— BRIEF —
Reproduce the listing below character for character; drop every image.

— PROVIDED MATERIAL —
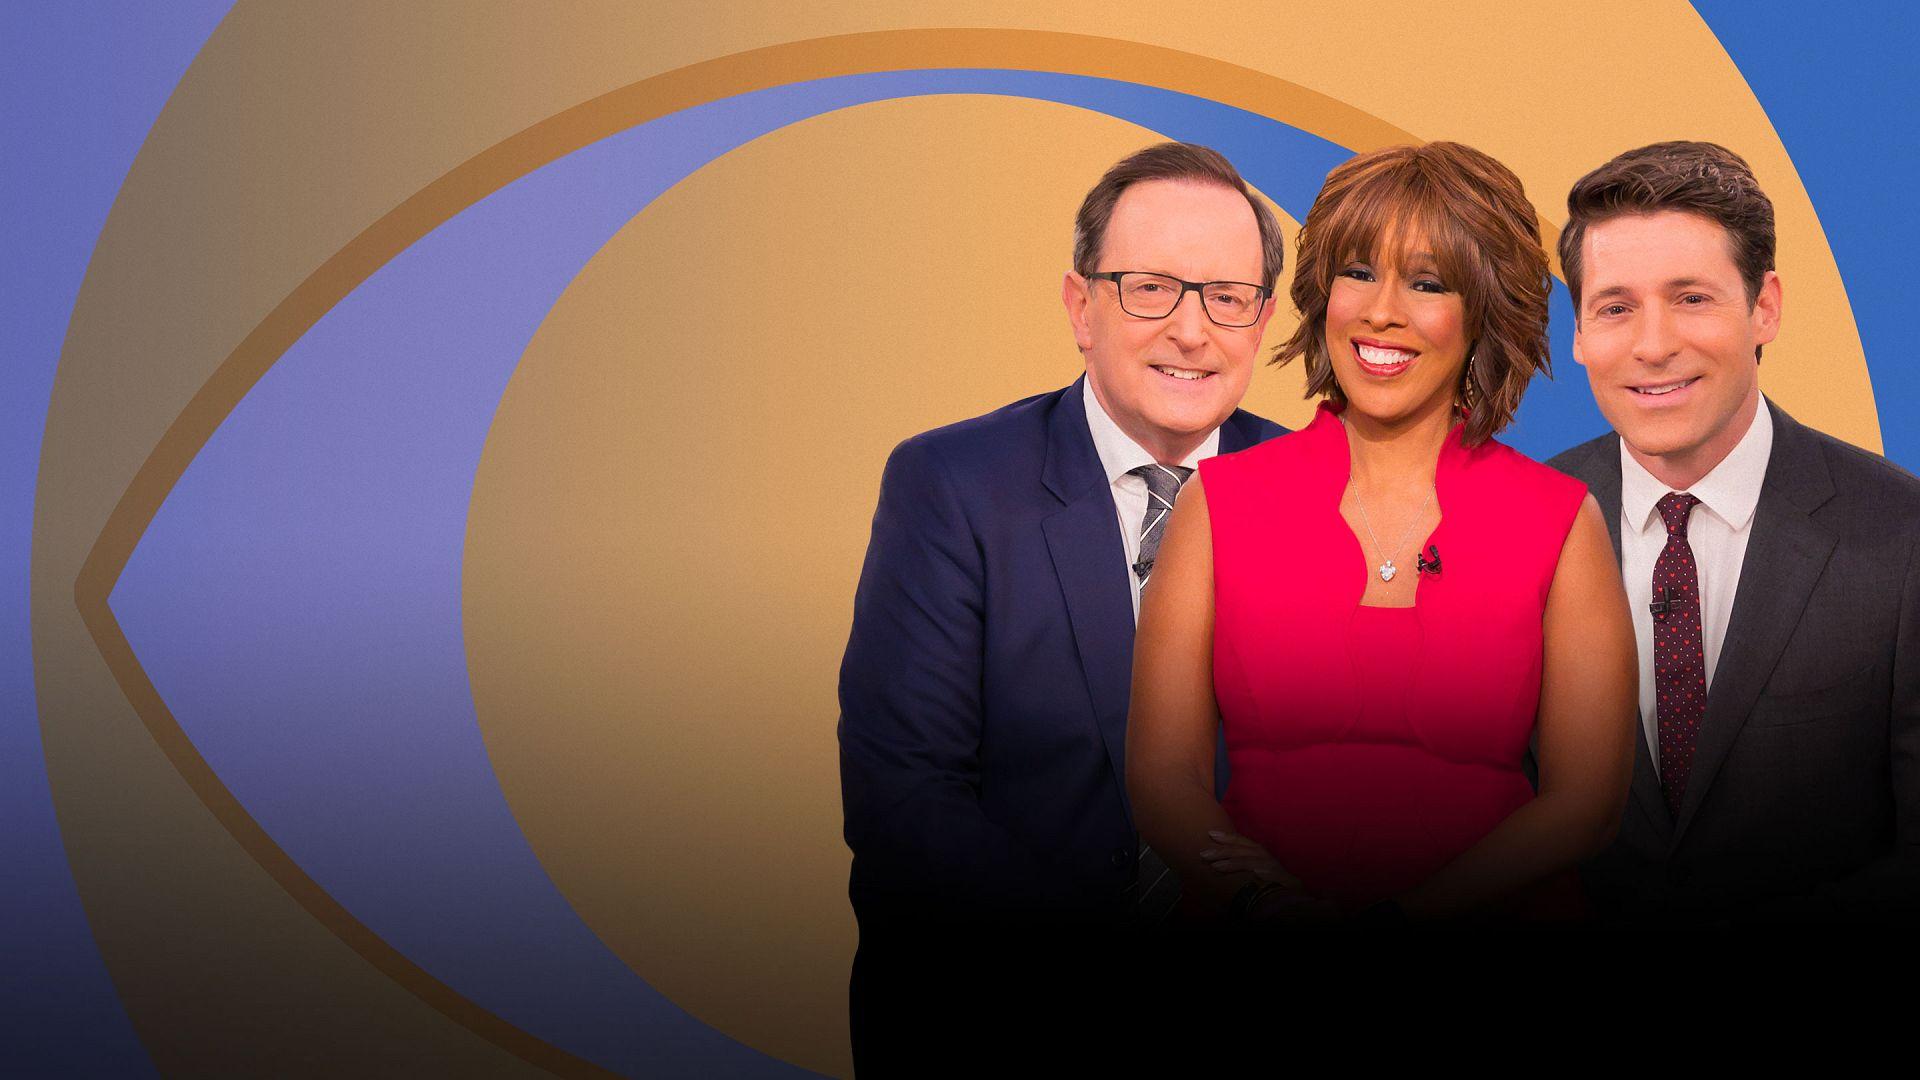 Morning Show Halloween 2020 CBS This Morning   CBS.com
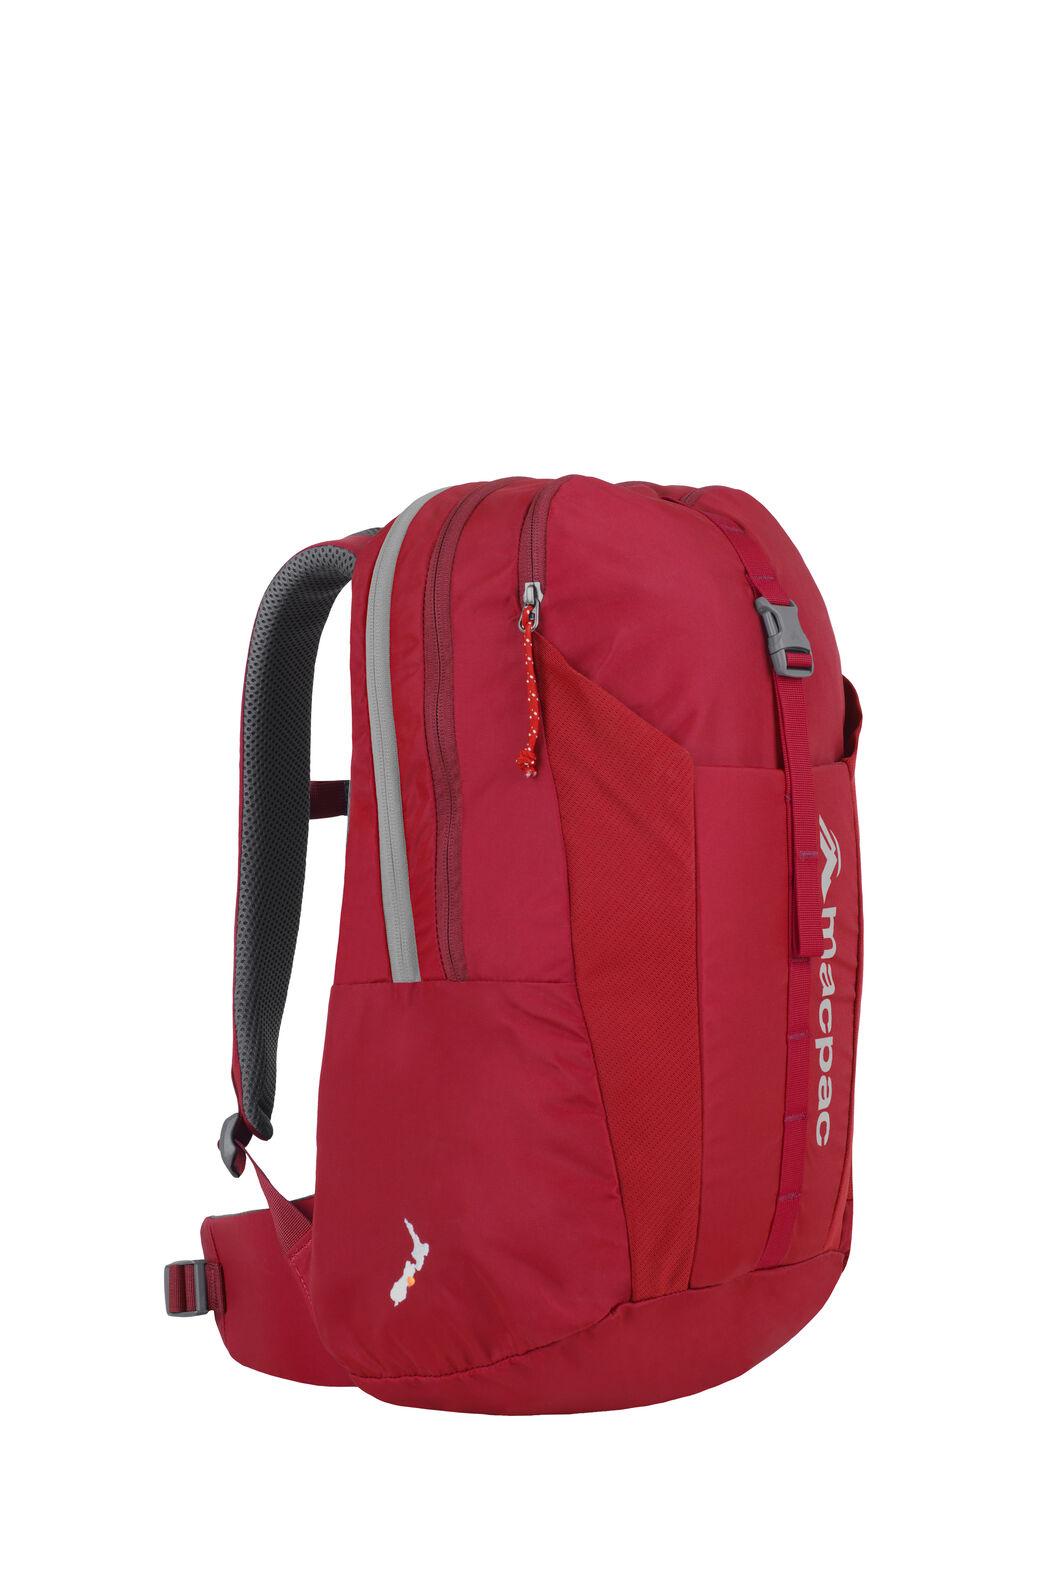 Macpac Summit Ridge 22L Daypack - Kids', Haute Red, hi-res
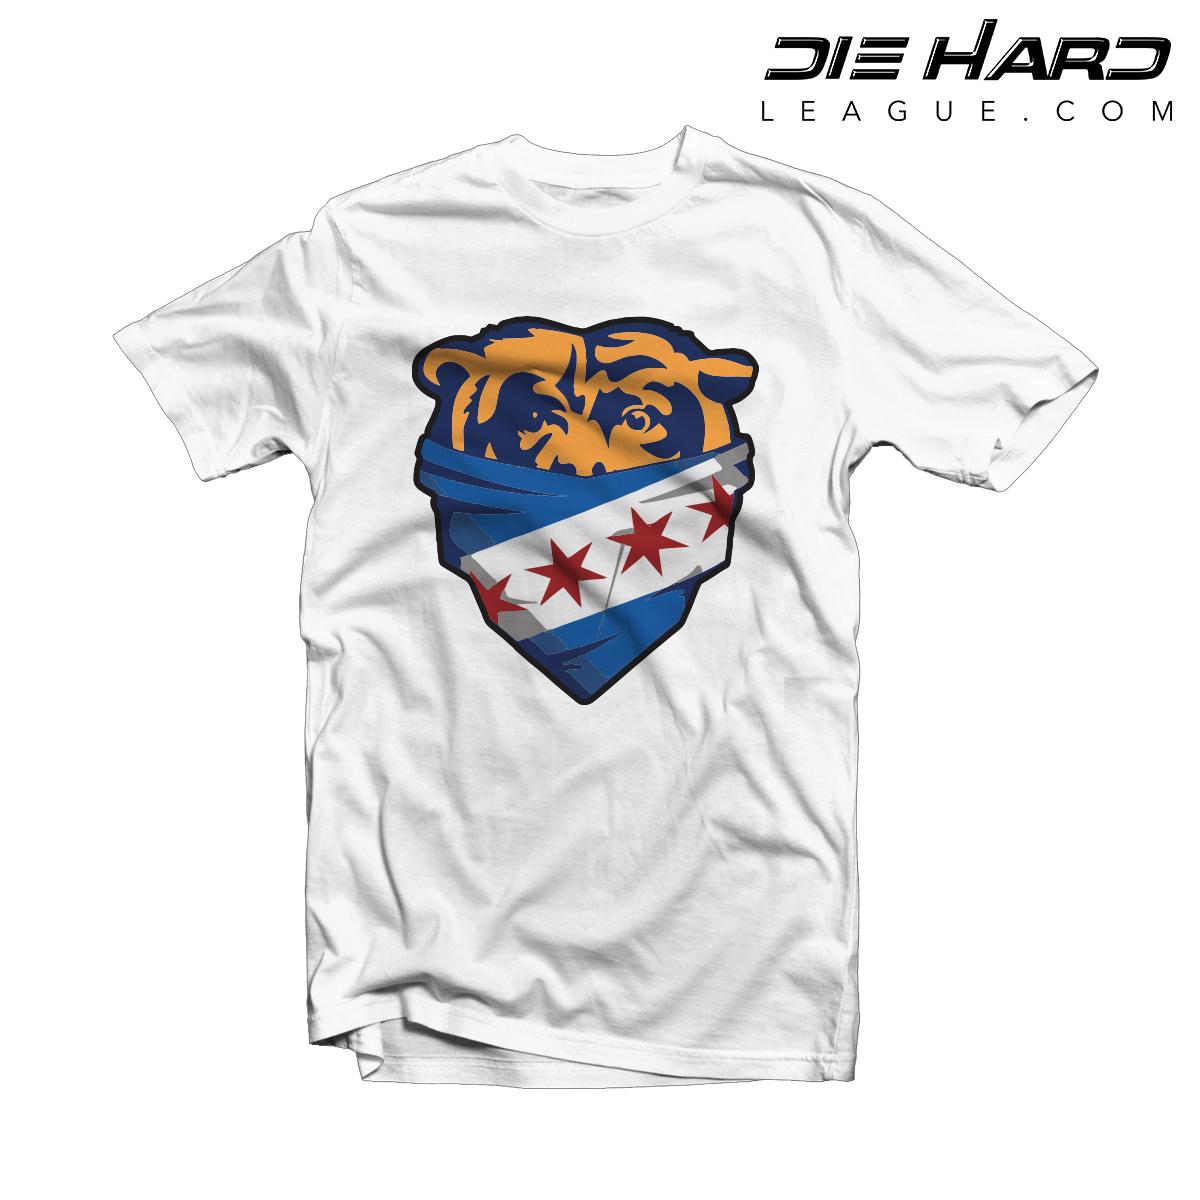 lowest price c83b3 81e39 Chicago Bears Shop - Chicago Bandanna White Tee

— EXERCISE RESPONSE —
 Morning Show Halloween 2020 CBS This Morning   CBS.com
 Macpac Summit Ridge 22L Daypack - Kids', Haute Red, hi-res
 lowest price c83b3 81e39 Chicago Bears Shop - Chicago Bandanna White Tee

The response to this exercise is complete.